Ce fût d’ailleurs mon premier outil utilisé presque comme un réflexe dans le début de
mon premier stage dans ma classe de CM1-CM2 pour ramener le silence dans la classe : je
poussais un cri du genre « hé ! » ou « ho ! Vous faites trop de bruit », ce qui au début,
produisit l’effet escompté. Car la surprise ainsi créée me permit d’obtenir le retour au calme
attendu. Cependant, au fil des jours la surprise produite était bien moindre et certes, le bruit
cessait immédiatement, mais cela durait peu de temps. De plus, et ce n’est pas un détail à
négliger, ma voix commençait à se fatiguer.
J’ai donc décidé de cesser ce type d’intervention qui non seulement me paraissait de moins en
moins efficace mais qui en plus rentrait en contradiction avec une pédagogie qui prône
aujourd’hui le contrôle de la classe en évitant les recours à ce type d’outil régulateur.
L’enseignant doit être capable de gérer sa classe sans crier. J’ai donc choisi à l’inverse d’opter
pour une gestion « silencieuse ». J’ai utilisé par la suite des postures corporelles qui me
permettaient de signifier clairement ce que j’attendais en faisant l’économie d’une explication
vocale, puisqu’elle était alors devenue inutile.
C’est pourquoi, il me semble après réflexion que l’utilisation de la voix forte trouve
bien peu sa place lorsqu’il s’agit de réguler les comportements qui perturbent la classe, ou du
moins elle peut subtilement accompagner une mimique corporelle. Mais cette dernière me
semble plus appropriée, et peut certainement se suffire à elle-même, car dès l’instant où les
règles sont établies dans la classe, il est rare que l’élève ignore quand il les enfreint.

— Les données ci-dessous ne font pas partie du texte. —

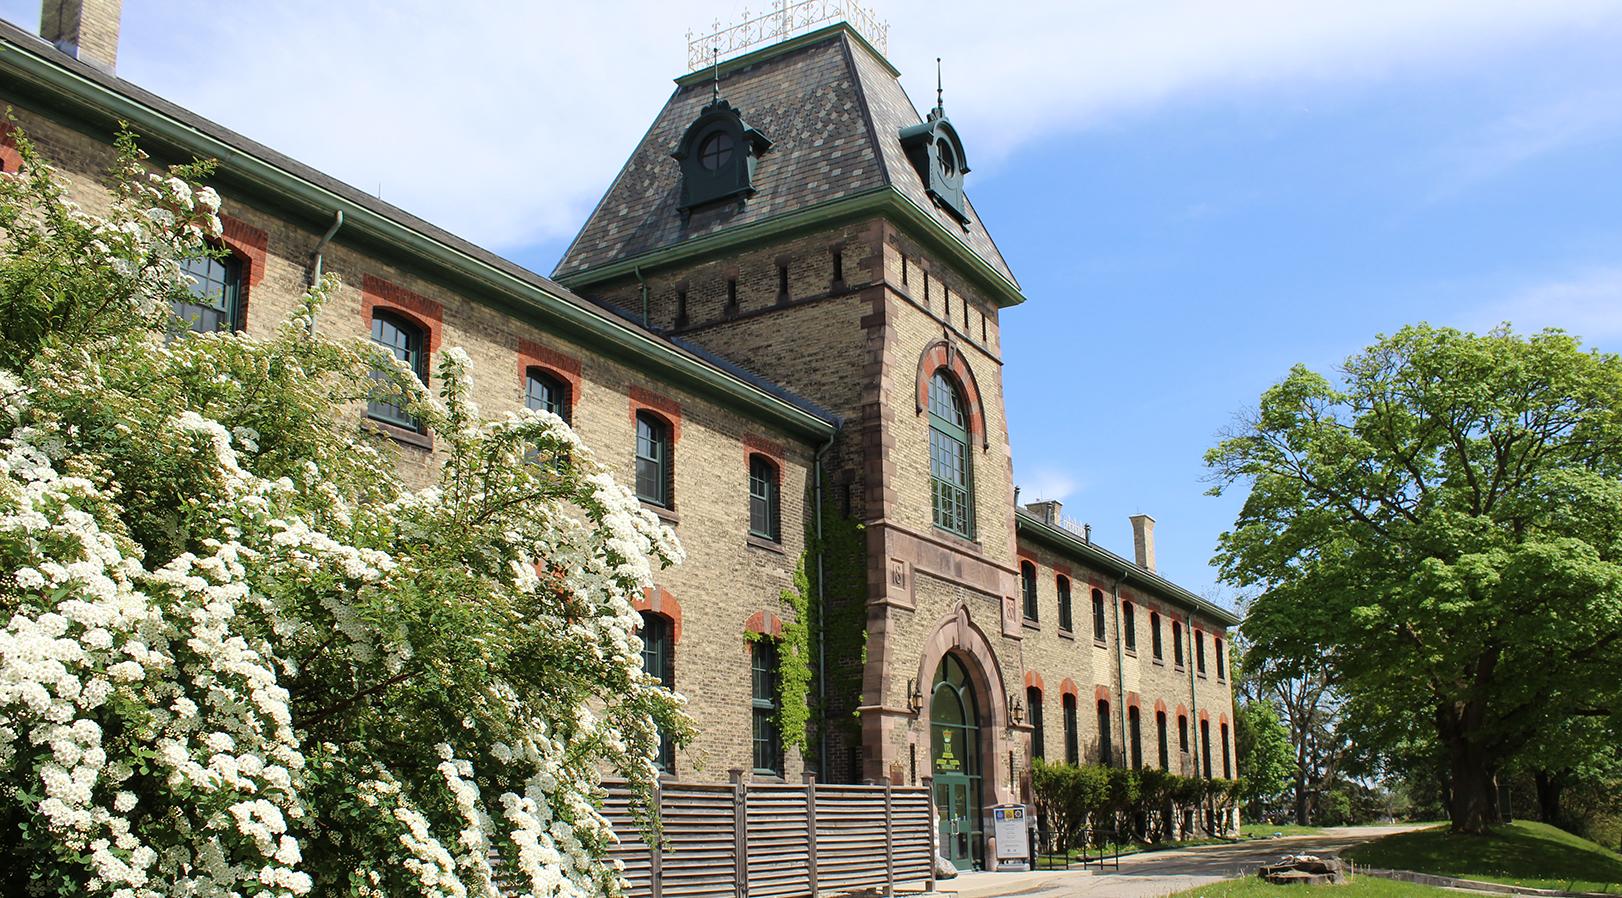 Wolseley Barracks, West Wing

Mais il ne faut pas oublier que « la parole qui circule dans la classe n’est pas
désincarnée. Elle est portée par des interlocuteurs de chair et d’os, des interlocuteurs qui ne
sont pas composés d’un corps et d’une intelligence, mais qui sont, d’un seul tenant, une
conscience du monde et une présence au monde » (MAULINI). On ne peut donc considérer la
voix comme le seul ou du moins le premier mode de communication de l’enseignant avec sa
classe. C’est pourquoi, nous allons nous intéresser maintenant à ce que le corps lui-même,
dans sa gestuelle, sa mise en scène, offre comme outils pour communiquer avec les élèves.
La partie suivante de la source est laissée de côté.